Wednesday, May 21, 2014

Bankruptcy Means Test For Joint Debtors Living Apart

The bankruptcy means test is the mathematical formula that was inserted into the bankruptcy law in 2005 to determine how much of their debts individuals filing bankruptcy should pay back from their income ,when they file bankruptcy. If the available income shown under the means test is low enough the debtors can file a Chapter 7 bankruptcy, which often means they do not have to pay back their unsecured debts. If the means test shows a higher income the individuals will have to file a Chapter 13 bankruptcy, which requires them to make monthly payments for five years based on the amount the means test says is available.

The means test is computed by taking a debtor’s average monthly income and subtracting out what the bankruptcy law allows as expenses. For most expenses such as food, clothing and utilities the law allows a standard allowance based on the household size. For certain expenses such as taxes, child support, and medical the debtors may use their actual expense.

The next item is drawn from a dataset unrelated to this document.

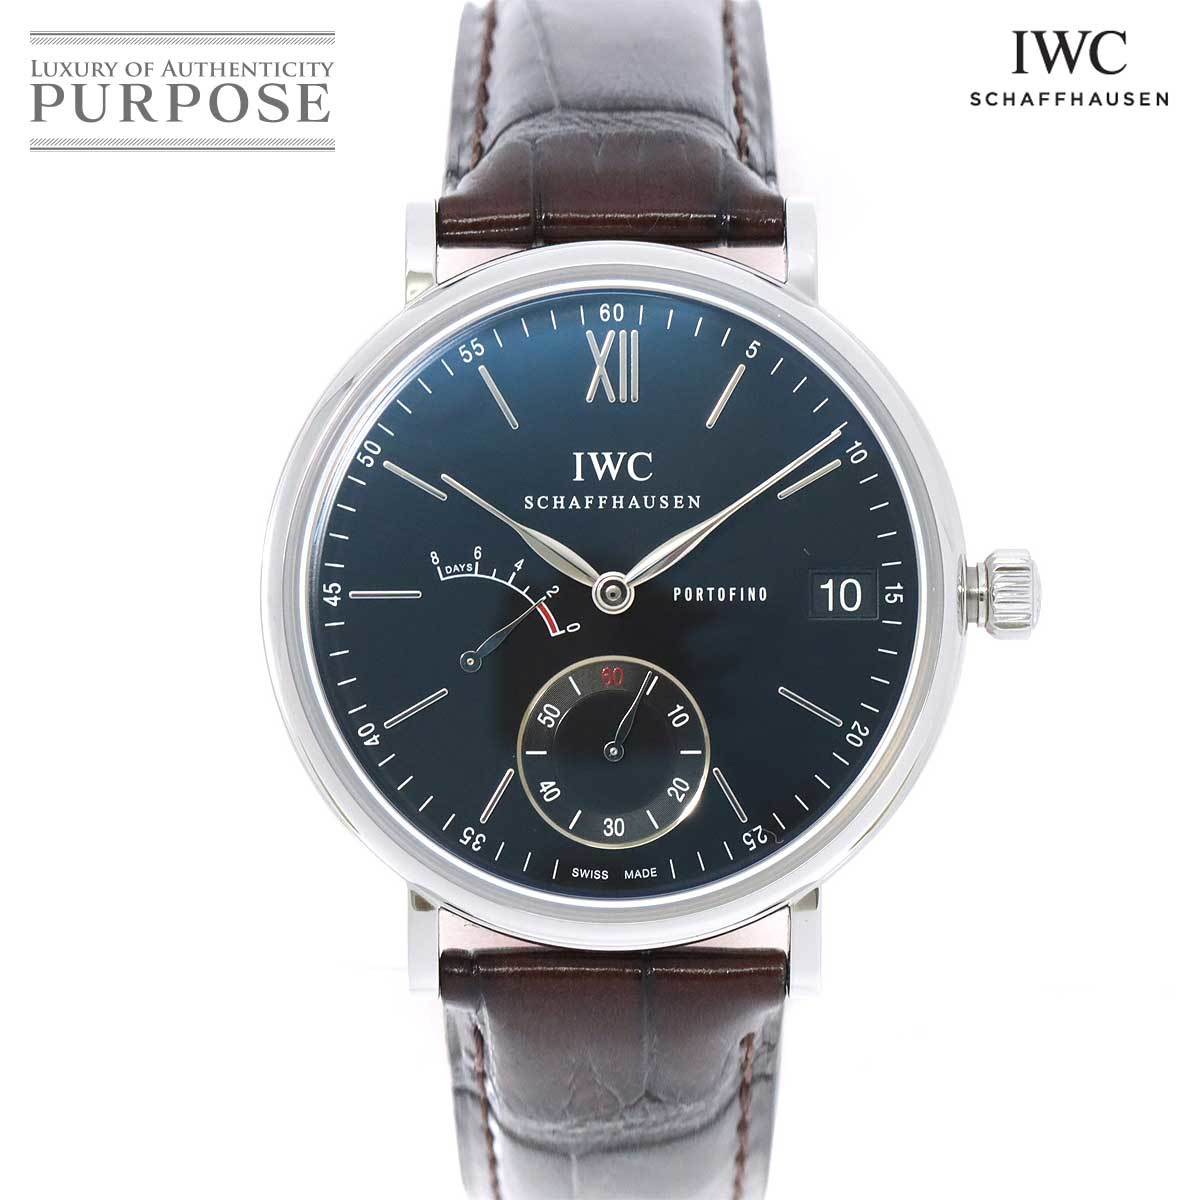 IWC ポートフィノ ハンドワインド 8デイズ IW510102 メンズ 腕時計 手巻き インターナショナル ウォッチ カンパニー Portofino 90174245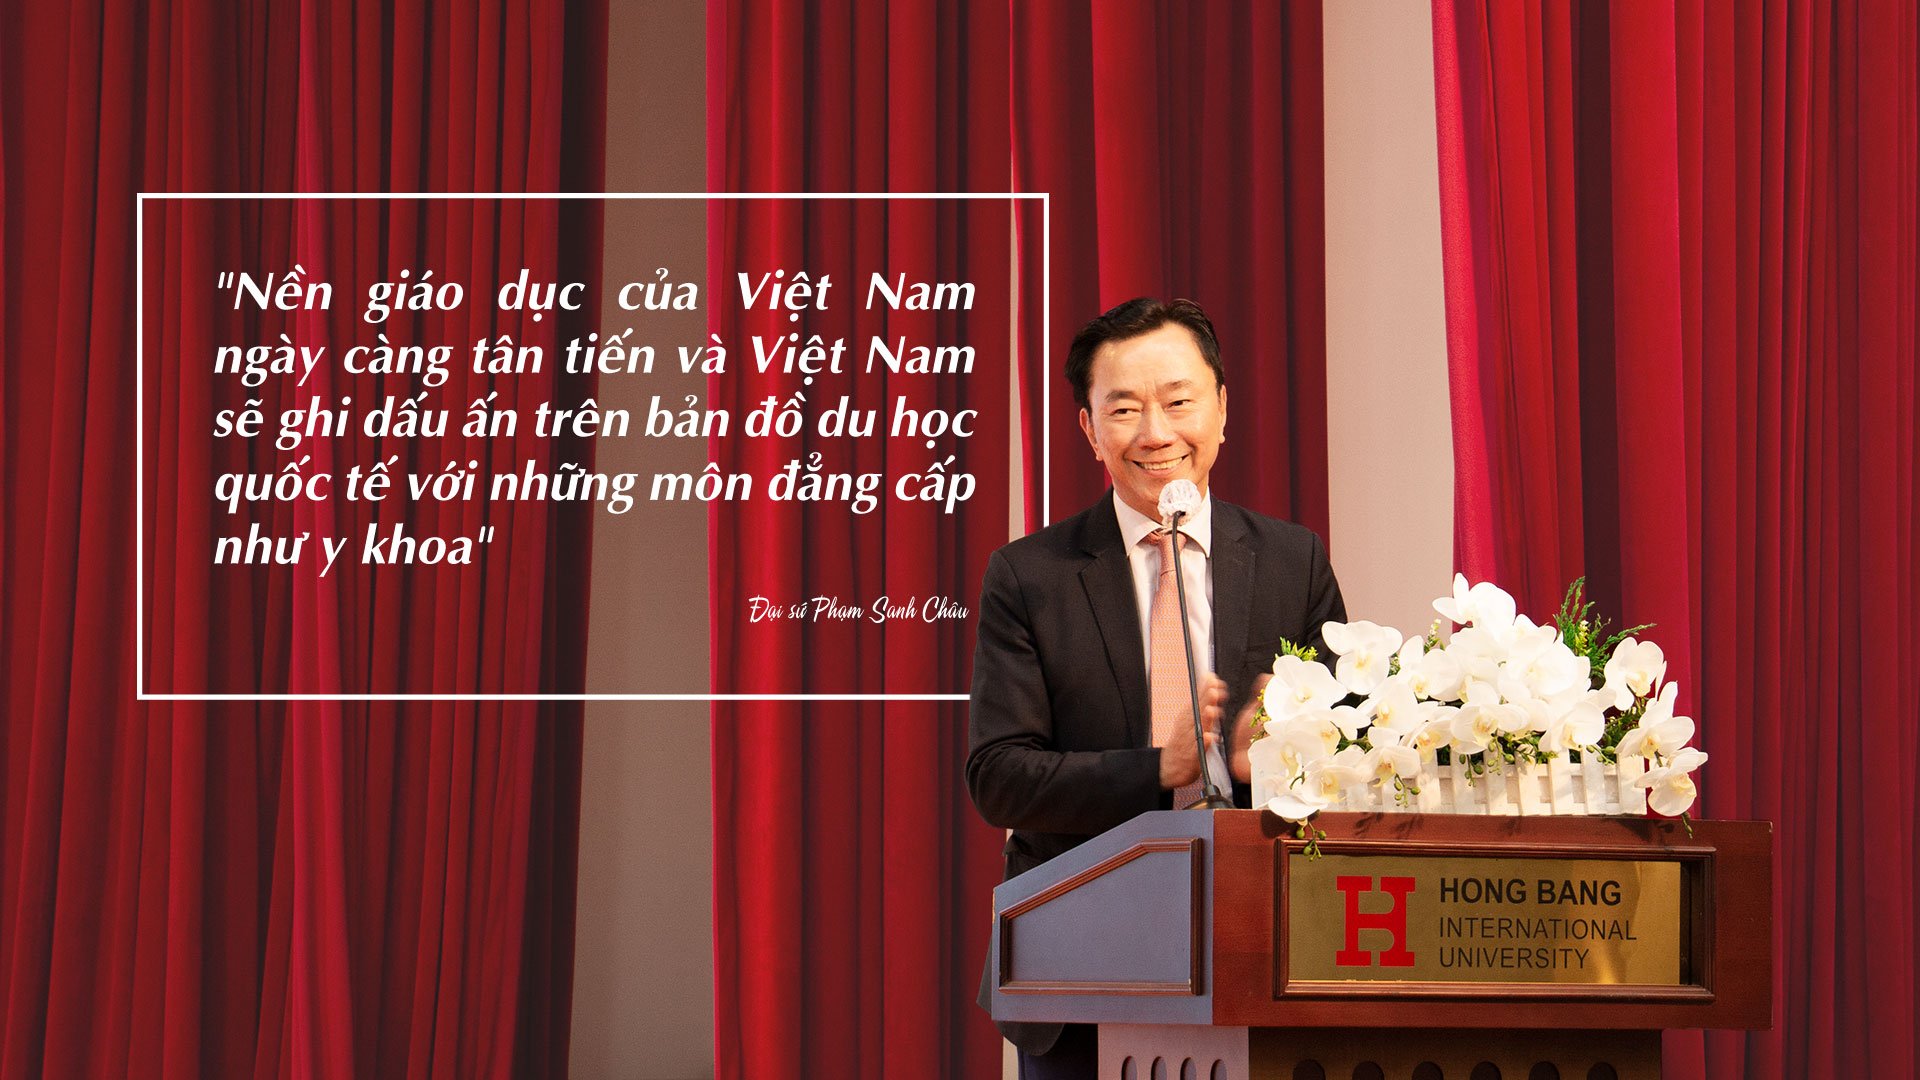 “Xuất khẩu” giáo dục: Bước tiến mới trong đào tạo Y khoa tại Việt Nam

One problem that the 2005 legislation did not specifically address is what happens, when a husband and wife who are separated file a joint bankruptcy. The formula contains no provision for extra expenses such as duplicate rent or utilities that arise in this situation. And of course realistically, if the law says you can afford to make payments based on the expenses of a single household and you actually have to pay for two households, the plan is not going to work.

The means test however does allow extra deductions for special circumstance, and some separated joint filers have claimed the expenses of a second household as a special circumstance on the means test. This position has had some success in the courts.